Die Erklärung der US-Regierung über den Besitz chemischer Waffen sei "rein aus der strengen Ablehnung des Gebrauchs tödlicher und Menschen handlungsunfähig machender chemischer Waffen, wo immer es sie gibt", zu verstehen, zitiert die "Washington Post" die Anweisung des damaligen Außenministers George Shultz an Rumsfeld.

Die Erklärung, so meldet das Blatt weiter aus den Dokumenten, ziele keineswegs darauf ab, die Politik gegenüber dem Irak zu ändern. Es sei den USA "unvermindert" daran gelegen, "die bilateralen Beziehungen zu verbessern, in jeglichem vom Irak gewählten Tempo".

Rumsfeld war bereits vier Monate zuvor, im Dezember 1983, nach Bagdad gereist. Damals, mitten im irakisch-iranischen Krieg, gelang es ihm, die irakische Führung davon zu überzeugen, dass engere diplomatische Verbindungen zu den USA nützlich sein könnten. Die Reise im März 1984 diente den bisher geheim gehaltenen und nun freigegebenen Dokumenten zufolge dazu, Spannungen abzubauen, die durch die Verurteilung von chemischen Waffen durch die US-Regierung entstanden waren.

Die Dokumente zeigen nicht, so die "Post", was Rumsfeld bei seinem Treffen mit Asis wirklich sagte, sondern was er zu sagen angewiesen worden war. Es wäre jedoch höchst ungewöhnlich, hätte der Gesandte des Präsidenten die Instruktionen von Shultz ignoriert, schreibt die Zeitung.
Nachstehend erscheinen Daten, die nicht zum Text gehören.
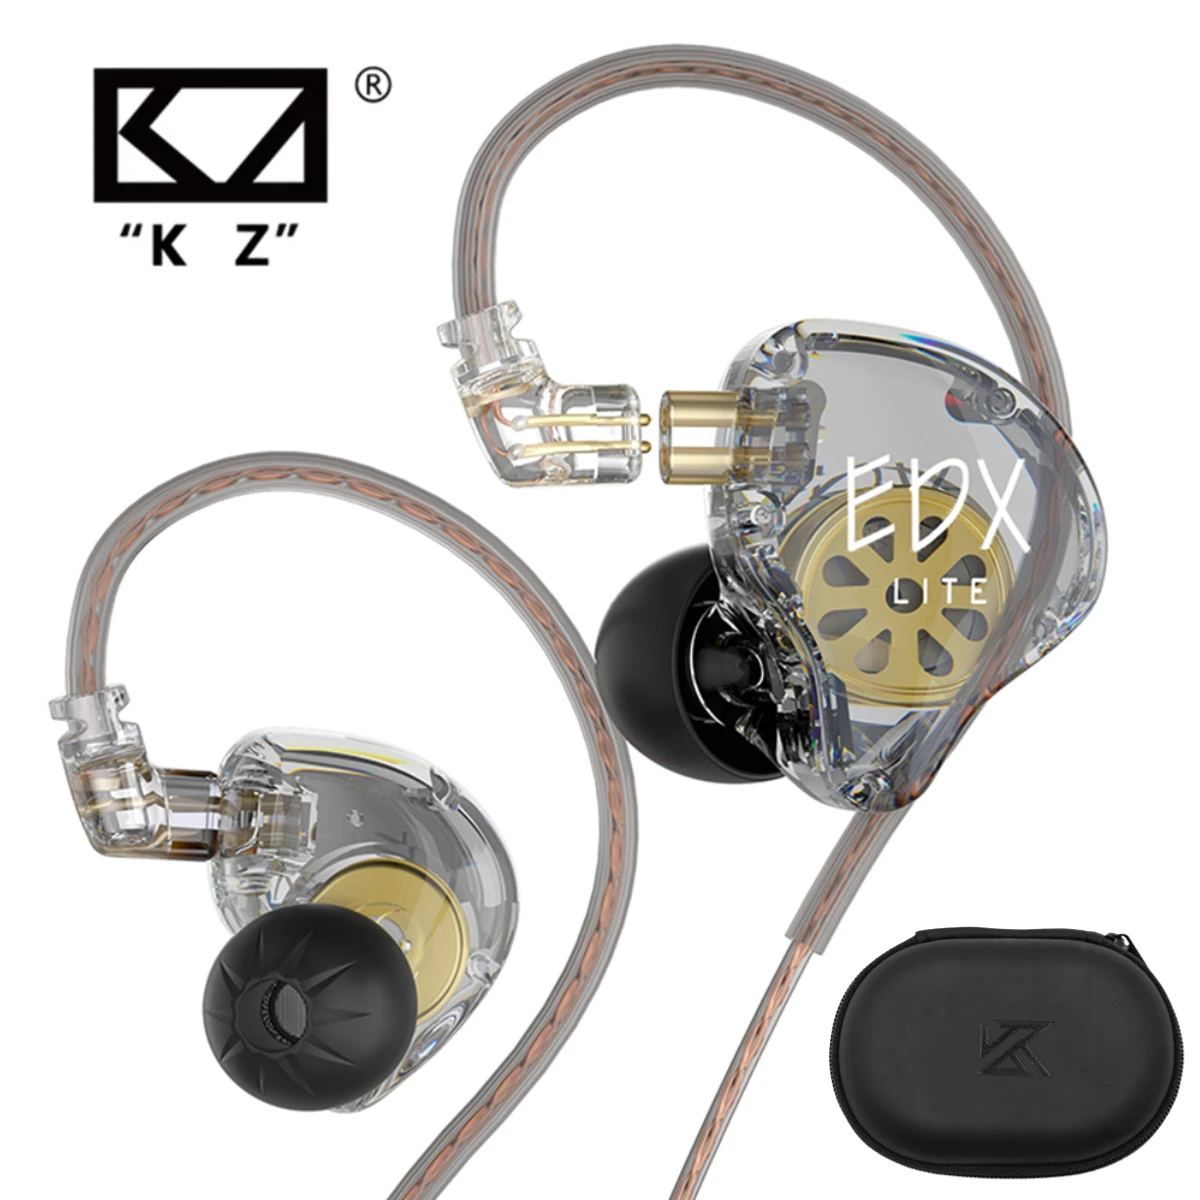 Audifonos Kz Edx Pro Con Cancelación y Micrófono Integrado KZ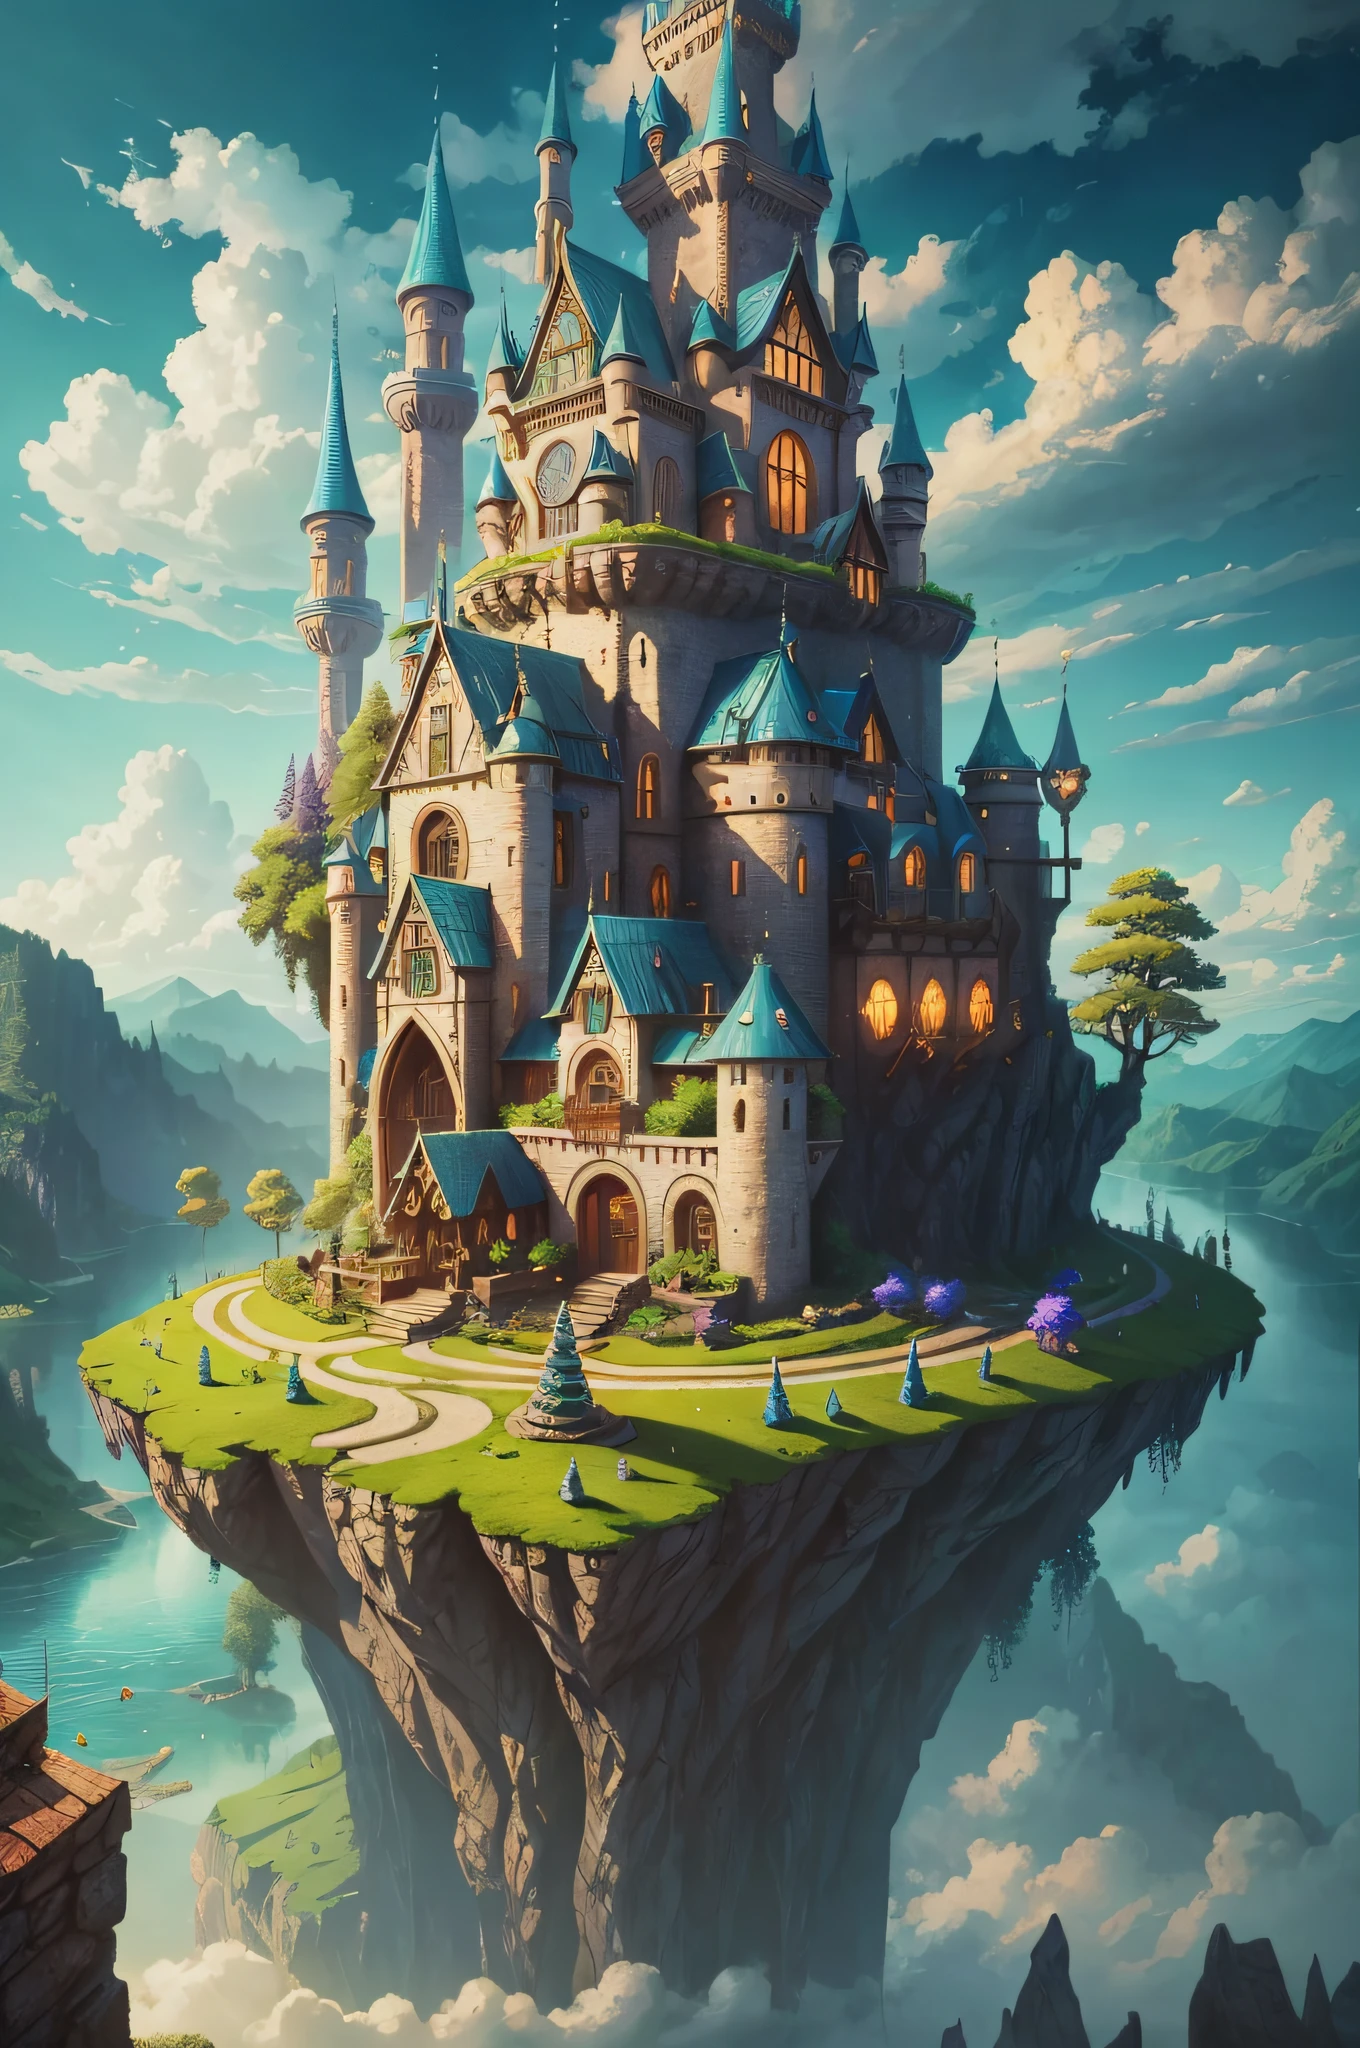 royaume des elfes, maison pleine de design, forêt, lac, ciel, des nuages, fantastique, sursaturé, surréaliste, style pixar, Haute résolution, artgerme, chef-d&#39;œuvre, Super détaillé, composition épique, haute qualité, la plus haute qualité , 4k --v6

Aus ihnen gehe hervor, dass die USA hinter den Kulissen den Irak hofiert hätten, um ihn als Verbündeten zu gewinnen. Dafür war man bereit, alle Prinzipien über Bord zu werfen. Selbst der Einsatz chemischer Waffen gegen Iran sollte die Beziehungen zu Bagdad nicht trüben.

Die vom "National Security Archive" auf Grund des Gesetzes zur Informations-Freiheit zugänglich gemachten Dokumente bringen Pentagon-Chef Rumsfeld erneut in Erklärungsnot. Als vergangenes Jahr die Dezember-Reise Rumsfelds nach Bagdad öffentlich wurde, sagte Rumsfeld gegenüber dem Nachrichtensender CNN, er habe Saddam damals vor dem Einsatz chemischer Waffen gewarnt. Diese Aussage steht in Widerspruch zu Aufzeichnungen des Außenministeriums über das 90-minütige Treffen, in denen eine solche Warnung nicht erwähnt wird. Später sagte ein Sprecher des Pentagon, Rumsfeld habe die Warnung nicht gegenüber Saddam ausgesprochen, sondern gegenüber Iraks Außenminister Asis.

Rumsfeld hat sich dazu bisher nicht geäußert. Pentagon-Sprecher Larry Di Rita sagte in Washington: "Der Minister sagte, was er sagte, und dabei würde ich es belassen. Er erinnert sich an das Treffen, und ich kann mir nicht vorstellen, dass zusätzliche Details dazu führen werden, dass er sich anders erinnern wird."